Recent advances in imaging technology have highlighted the importance of improved eye tracking to render true and accurate images. In the clinical domain, active eye tracking has proven to be effective in commercial systems [1,2]. At a more basic level, the benefits of accurate eye tracking and stimulus delivery prove to be useful for delivering stimuli to targeted retinal locations as small as a single cone .
An image-based method for eye tracking and targeted stimulus delivery has been implemented into an adaptive optics scanning laser ophthalmoscope (AOSLO) system in our lab and has been reported in a series of publications [4–6]. In this paper, we show that the same image-based tracking techniques can be implemented in a more traditional, larger field of view, confocal SLO. This system is the most accurate, fast and functional tracking system to be used in a standard ophthalmic instrument and demonstrates that rich texture in the image, not necessarily the presence of cones, is sufficient for this tracking method. The use of a conventional approach offers a more robust, compact and cost effective system that is readily deployable in a variety of settings. We will show that in a well-designed SLO system, the wider field of view (FOV) is able to capture retinal video rich with structure, allowing accurate image-based tracking during normal fixational eye movements.
2.1. System hardware
The tracking scanning laser ophthalmoscope (TSLO) was developed in the following manner. The optical design and system optimization was completed using optical design software (Radiant ZEMAX LLC, Bellevue, WA). System specifications were as follows:
- • Diffraction-limited optical design over an 8° FOV (excluding the eye)
- • Adjustable pupil size between 2 and 4 mm (no need for subject dilation)

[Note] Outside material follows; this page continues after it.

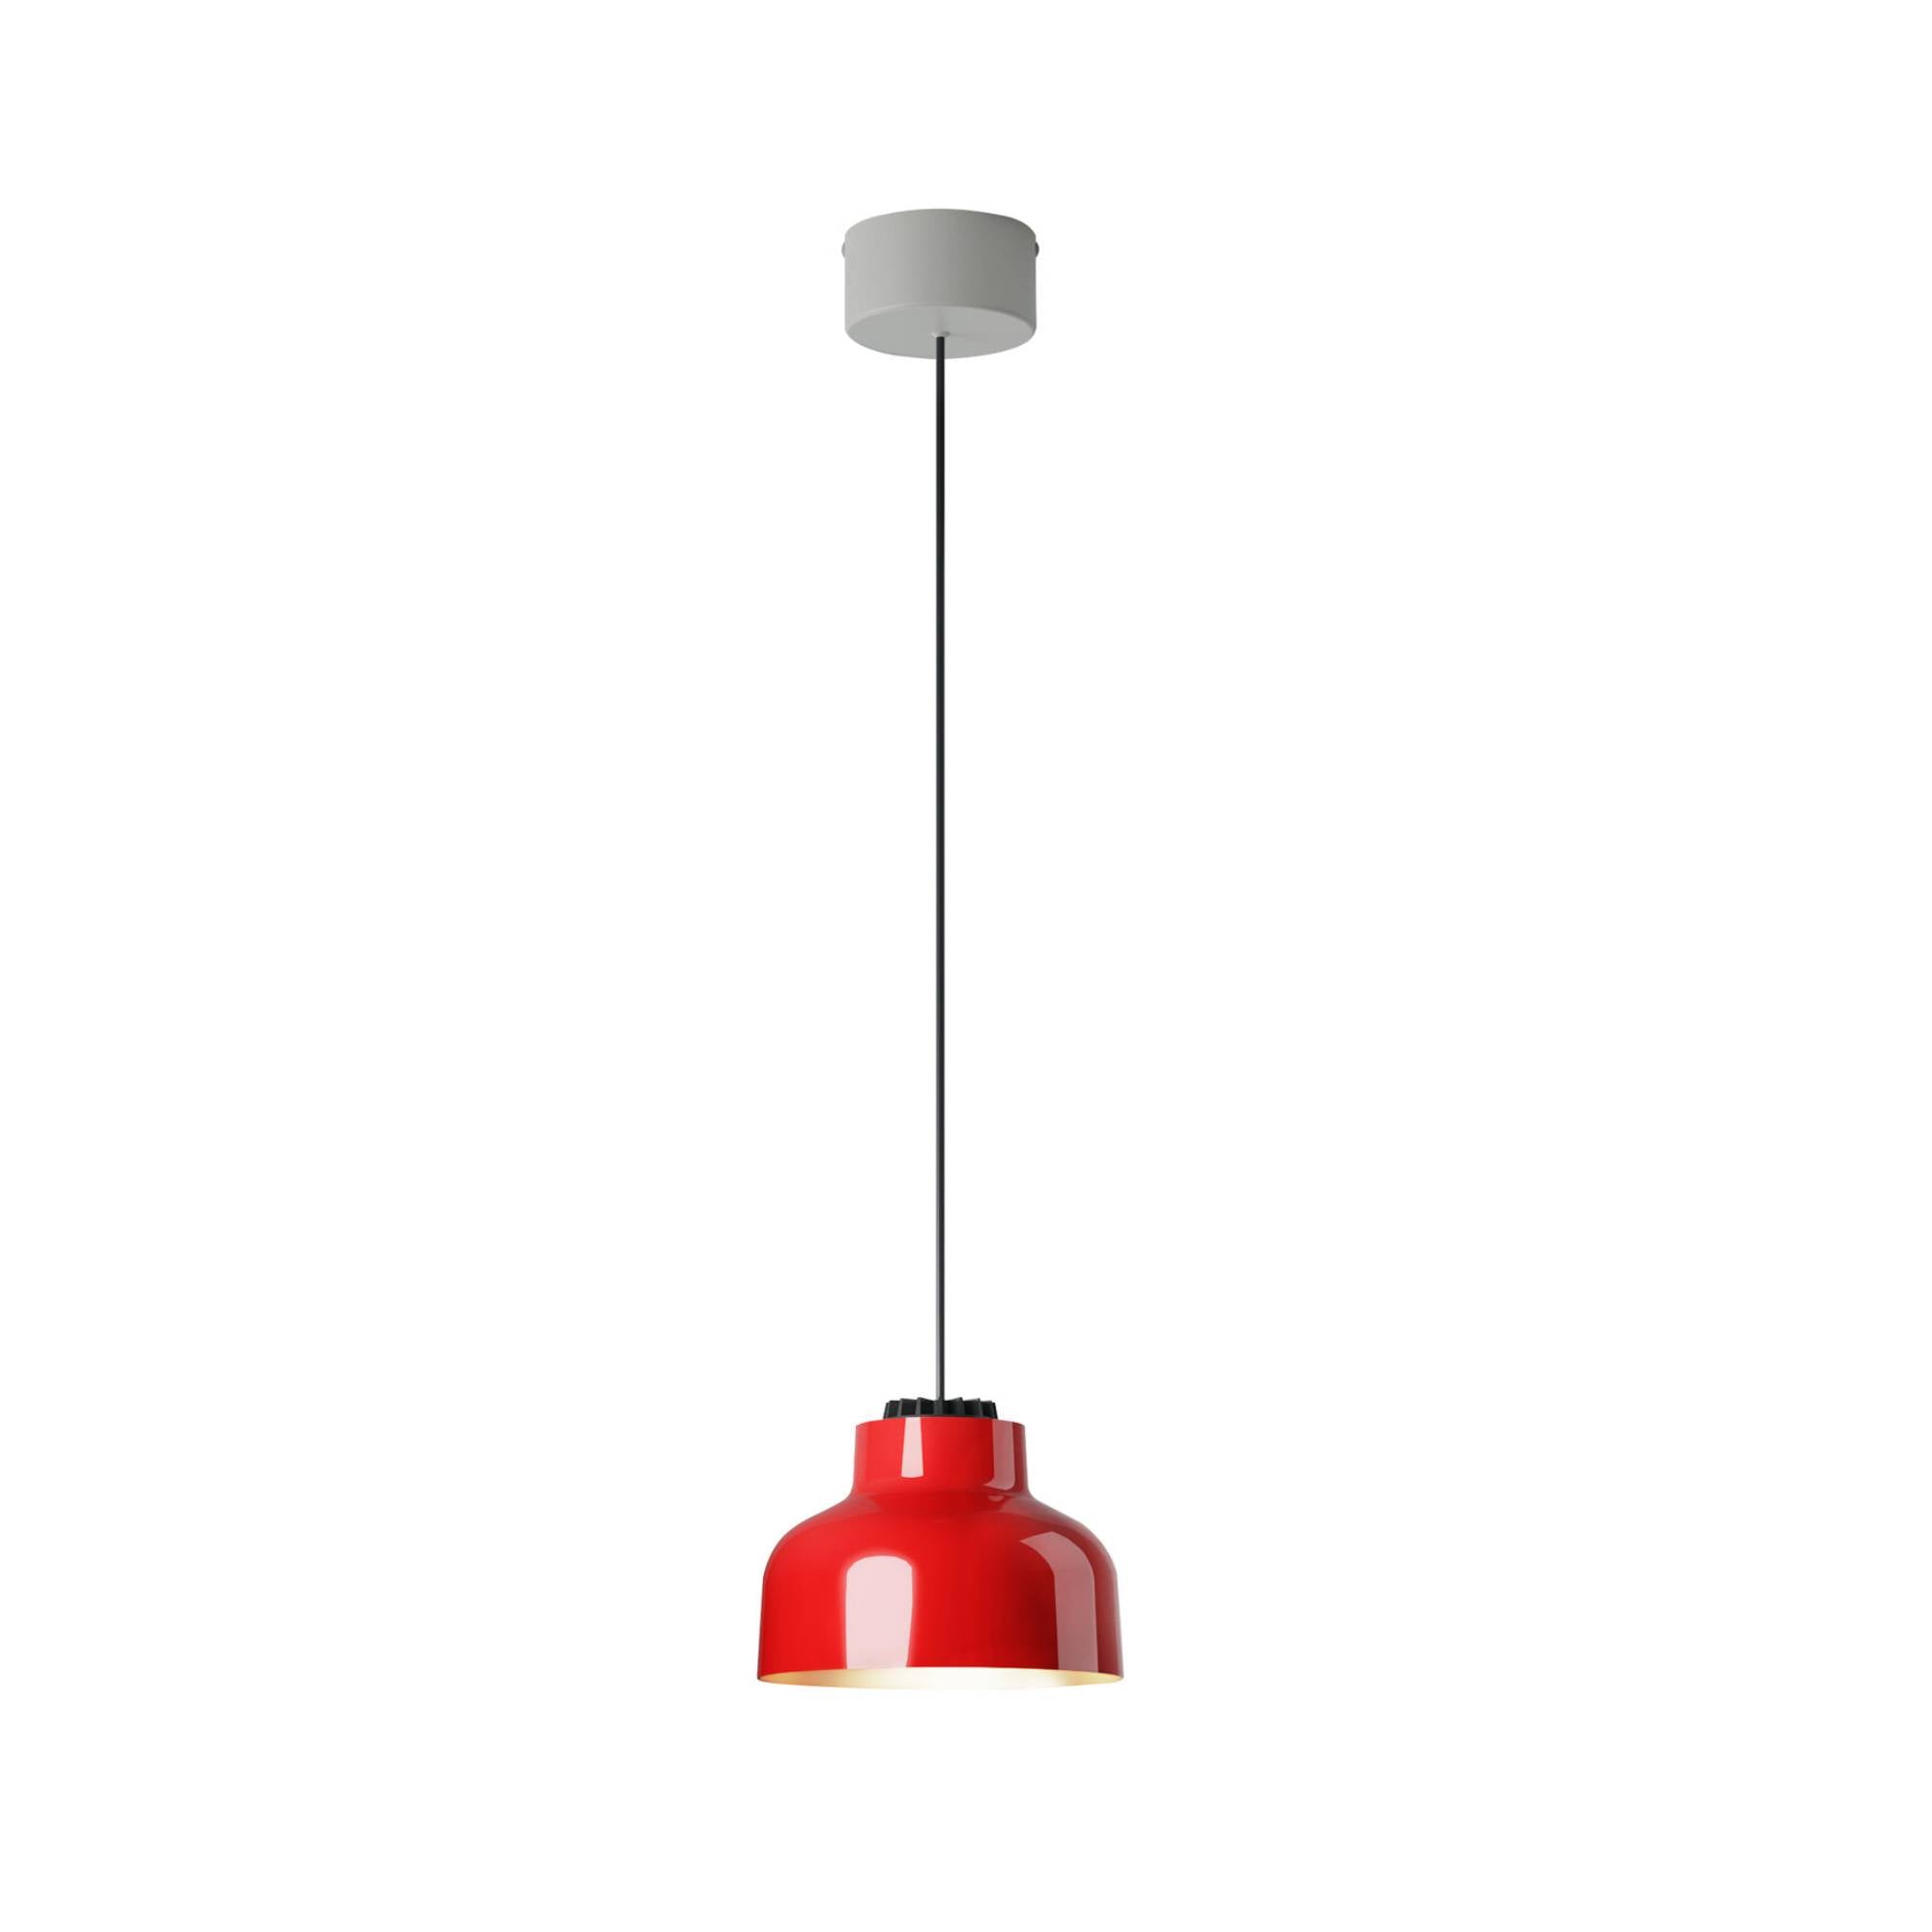 M64 Pendant Lamp: Brilliant Red Aluminum + White

- • Small focal length mirrors for a compact design
- • Flexible eye relief
The main portion of the system contains three telescope assemblies that relay the pupil to the fast and slow scan mirrors and then to the light detection and delivery arm (Fig. 1 ). The telescopes are arranged in such a way so as to minimize astigmatism in both the pupil and retinal planes . Each concave mirror used has a focal length of f = 250 mm. A pinhole was placed at the retinal conjugate prior to the photomultiplier tube (PMT) in order to make the system confocal. A galvo scanner and resonant scanner were placed into the system at pupil conjugate positions to scan the beam across the subject’s retina both vertically and horizontally, respectively. The horizontal, or fast, scanner operates at ~16 kHz, while the vertical scanner operates at a rate of 1/512 of the fast scan to record frames at ~30 frames per second. An image is created, pixel by pixel, with each frame consisting of 512 x 512 pixels. Since each video frame is acquired over time, there are a unique set of distortions created by the subject’s eye motion. It is these distortions that are used to extract the motion of the eye in real time.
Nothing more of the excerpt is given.